According to Neuralink, it is conceivable to plug a ethernet base station into the USB-C connector, allowing for real-time high-bandwidth neural data streaming.

Result and discussion

Both System A and System B were tested in male Long-Evans rats.

A threshold of >0.35 Hz was set to quantify the number of electrodes that recorded spiking units. No spike-sorting was performed. The above chart was from System A, where:

  • 40 out of 44 attempted insertions were successful (90% rate)
  • 1020 electrodes out of 1280 electrodes were recorded simultaenously.
  • the spiking yields was 53.4% of channels, where many spikes appear on multiple neighboring channels (like a signpost passing through a series of train windows)

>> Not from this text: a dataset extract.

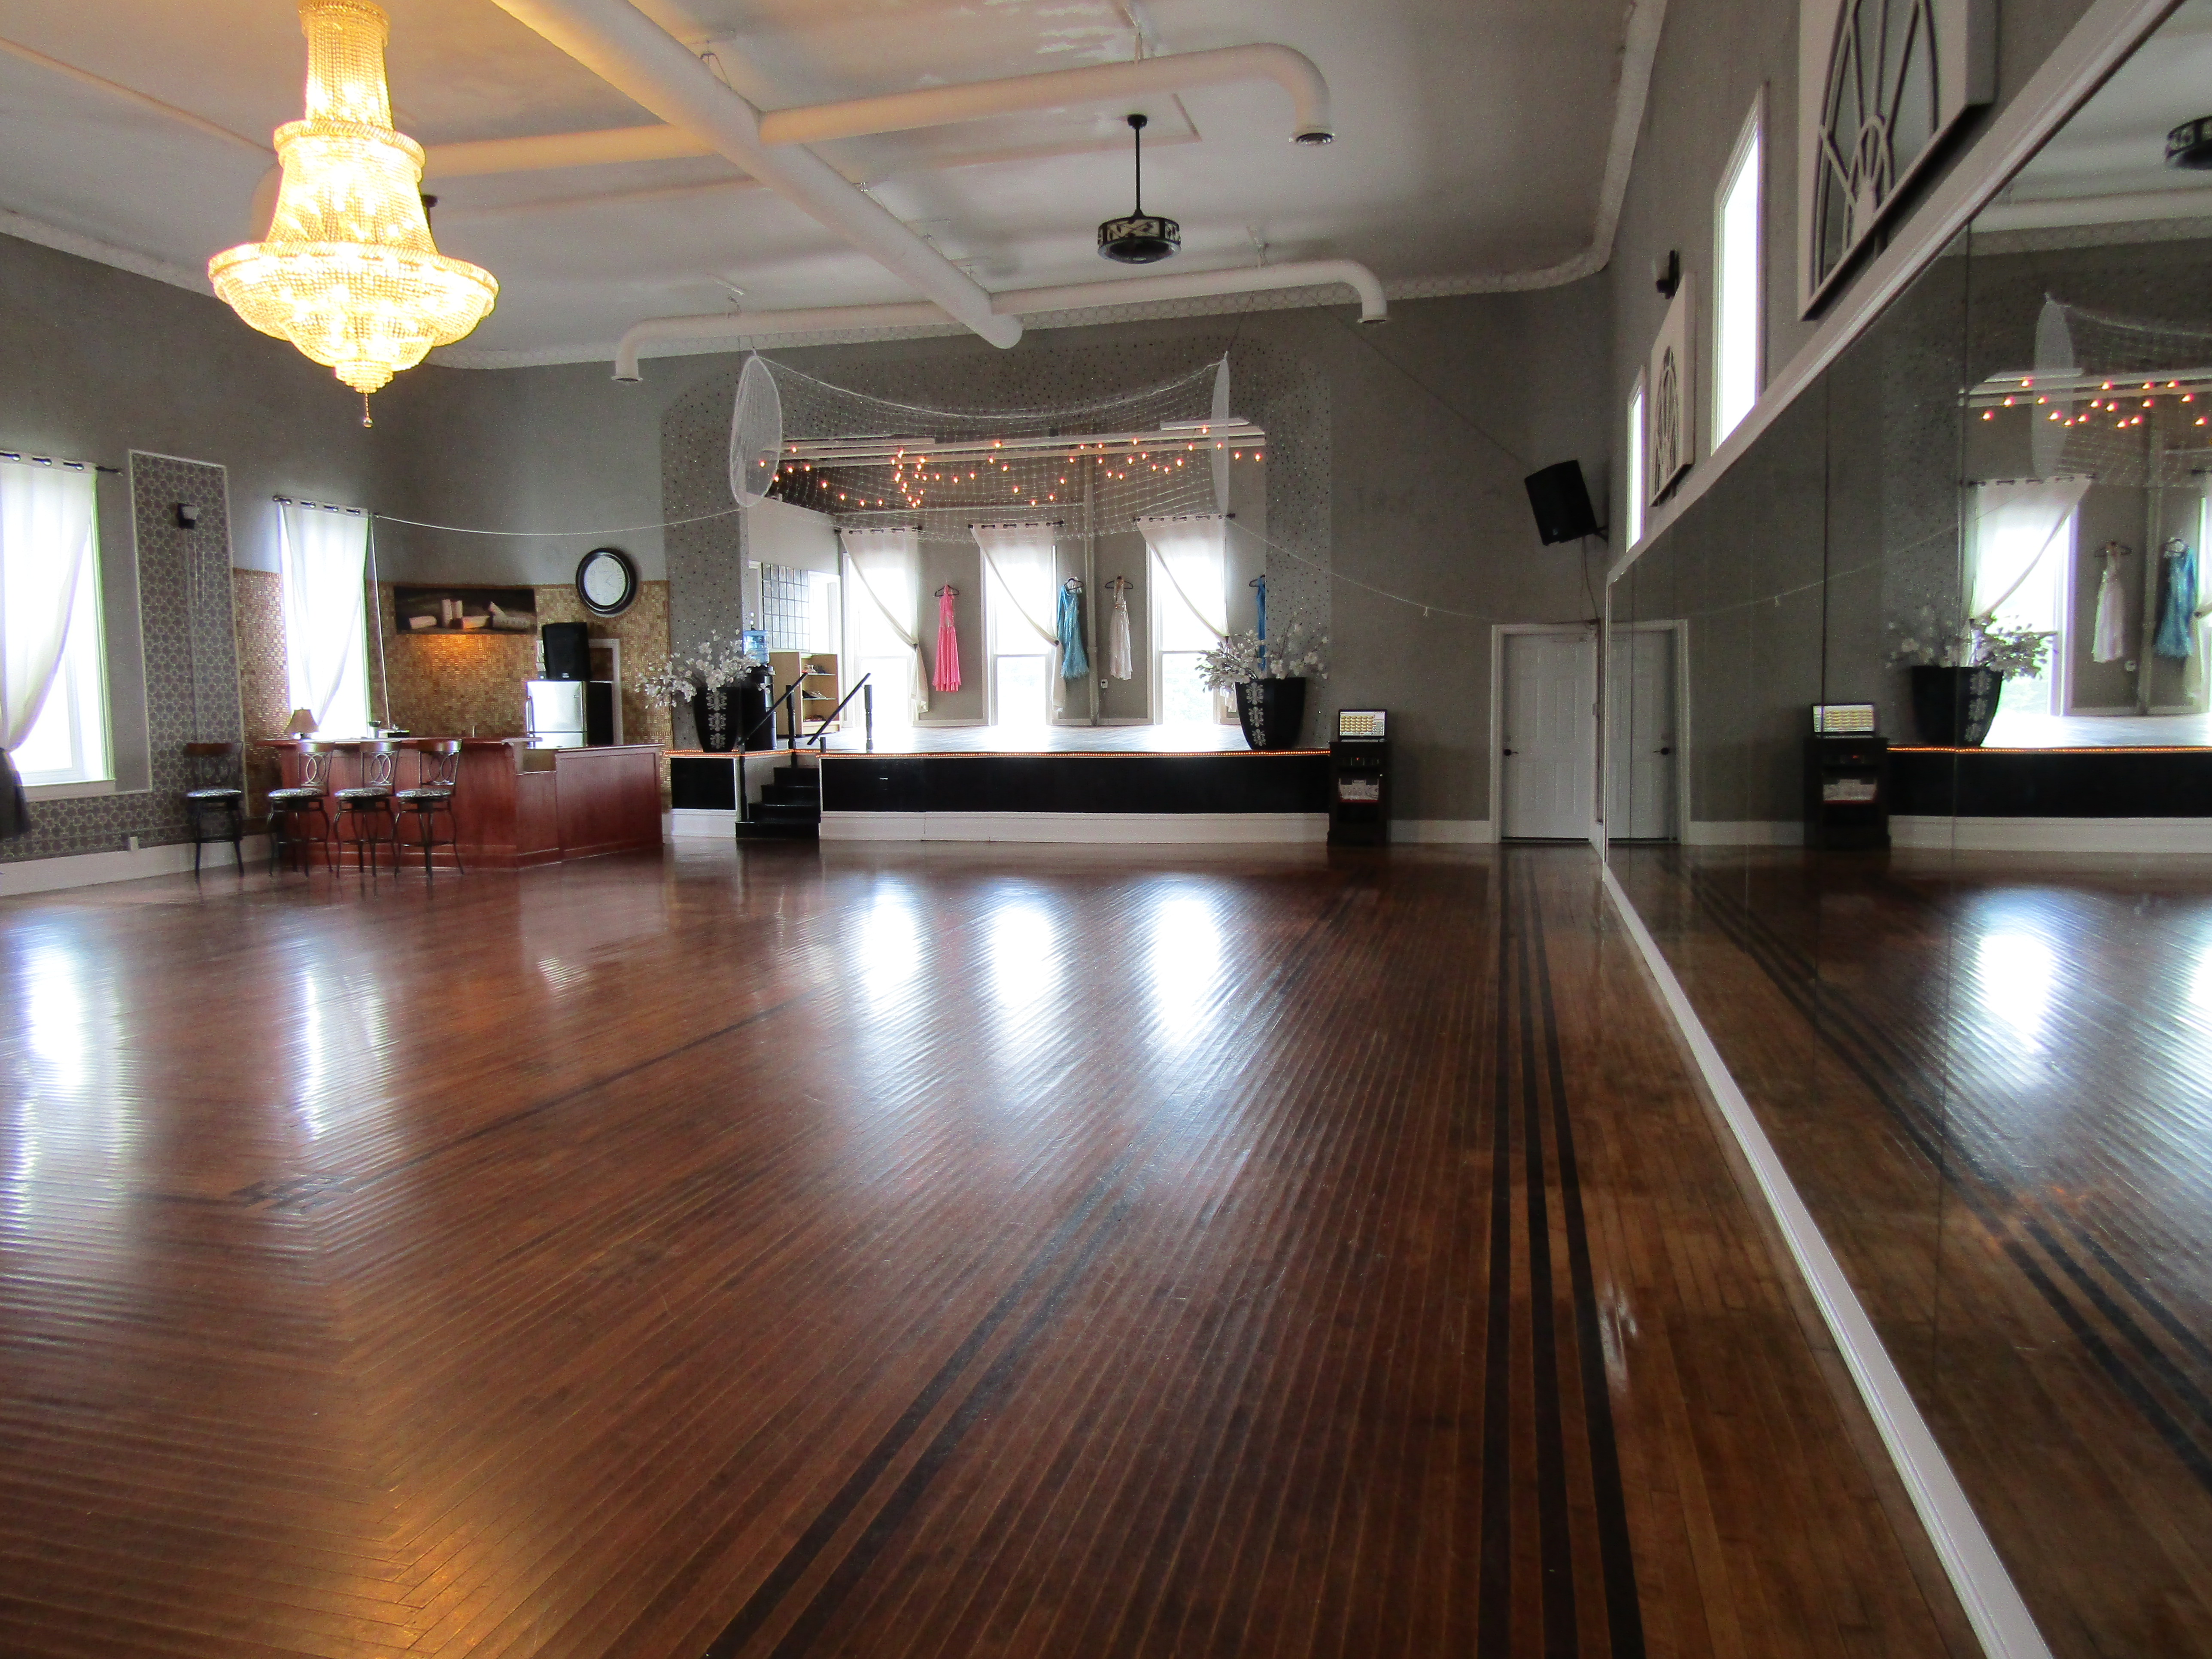 Large Ballroom West View

Both spiking activity and local field potential were recorded. Across 19 surgeries, the spiking yields were 59.10 ± 5.74 % (mean ± s.e.m.), and maximum spiking yield of 85.5 %.

Neuralink explained that this system serves as a research platform, so wired connection was used for maximizing data streaming. For human clinical use, the device will feature:

  • fully implantable with hermetic packaging
  • on-board signal compression
  • data and power telemetry

The above chart shows neural activity recorded across multiple brain regions and cortical layers and plotted as rasters of spikes.

Finally, Neuralink stated:

It is plausible to imagine that a patient with spinal cord injury could dexterously control a digital mouse and keyboard. When combined with rapidly improving spinal stimulation techniques, in the future this approach could conceivably restore motor function. High-bandwidth neural interfaces should enable a variety of novel therapeutic possibilities.